Examples of other suitable mechanisms that can be used for the controller of the needle assembly 10 include sliding and twisting mechanisms.

Tube According to one embodiment, the tube 70 is connected to the hollow inner needle 30 in fluid communication. The tube 70 provides a passage from the needle assembly to a container (not shown) such as a test tube for removing the follicle. The tube 70 is fluidly connected to a negative pressure pump (not shown) so as to pull the egg out of the follicle. The tube 70 can be a standard medical grade tube made from a medical grade silicone rubber tube. The tubing 70 may then be connected to a luer lock hub, which tubing may be connected to an additional tubing 70 connected to a negative pressure pump or other suitable vacuum source. The luer lock can provide a cleaning function for the needle assembly 10.

The plug needle assembly 10 may further include a plug 50. The stopper 50 communicates fluidly with a hollow inner needle 30, a container for storing eggs, and a negative pressure pump or other suitable vacuum source. The stopper 50 is movable between the first configuration and the second configuration. In the first configuration, the hollow inner needle 30 is in fluid communication with the container and negative pressure pump. The first configuration of the stopper 50 is used to collect the eggs and deposit the eggs in the container. In the second configuration, the hollow inner needle 30 communicates with the cleaning fluid to clean the hollow inner needle 30. Thus, the stopper 50 allows the hollow inner needle 30 to be washed and then sucked back into the container, which is suitable for patients with few oocytes or those who have difficulty collecting oocytes. There may be. The container can be a standard test tube used in medical laboratories. The stopper 50 allows the needle assembly 10 to function as a cleaning needle that adds versatility to the needle assembly 10.

The negative pressure pump needle assembly 10 is configured to have a minimum gap between the hollow inner needle 30 and the outer sleeve 20. The hollow inner needle 30 is fluidly connected to a negative pressure pump or other suitable vacuum source, which is once perforated into the follicle by the needle assembly 10 to remove the egg, and then the hollow inner needle 30. It is actuated to generate negative pressure within. The negative pressure generated in the hollow inner needle 30 by the negative pressure pump causes the egg to be taken out from the inside of the follicle through the hollow inner needle 30. These withdrawn eggs can then be deposited and stored in a container (not shown).
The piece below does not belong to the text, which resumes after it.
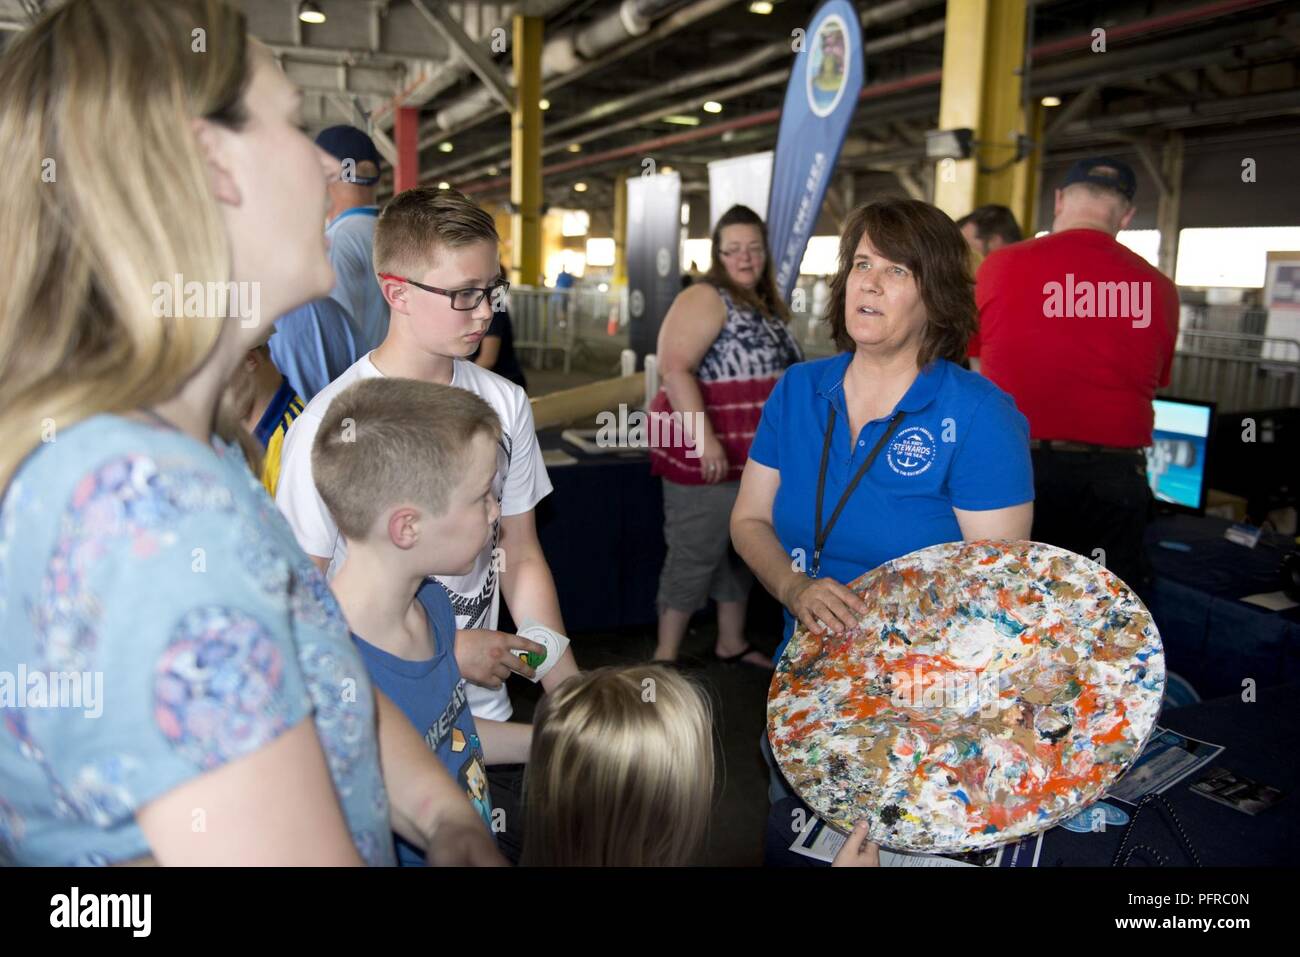 NEW YORK (May 26, 2018) Laura Busch, a natural resources program manager at U.S. Fleet Forces Command’s Fleet Environmental and Readiness Division, explains the shipboard waste process to reduce plastic waste aboard ships at the U.S. Navy’s “Stewards of the Sea: Defending Freedom, Protecting the Environment” exhibit during Fleet Week New York. The Navy employs every means available to mitigate the potential environmental effects of our activities without jeopardizing the safety of our Sailors or impacting our Navy readiness mission. Stock Photo

Negative pressure pumps can be off-the-shelf components such as 240V, 30W, 50Hz, such as London rockets. The negative pressure pump operates at around 13.6 kPa (102 mmHg) to 16 kPa (120 mmHg). If the tube 70 or needle assembly 10 is clogged, a pressure of up to 200 mmHg may be required. The approximate diameter of human oocytes is 0.1-0.2 mm, and in the cumulus cells (zones) that surround the oocytes, the entire cell mass can have a diameter of as much as 10 mm (Aziz et al.). 1993). Therefore, the smaller the inner diameter of the hollow inner needle 30, the greater the risk of damaging the oocyte as the oocyte advances through the needle assembly 10. As a result, the use of finer needles relative to the hollow medial needle 30 increases the risk of damaging the follicle and reduces the chances of successful pregnancy with external fertilization procedures. In addition, the smaller inner diameter for the hollow inner needle 30 requires a negative pressure pump to generate a larger negative pressure within the needle assembly 10. Therefore, the standard minimum working needle size for the hollow inner needle 30 can be 22 gauge.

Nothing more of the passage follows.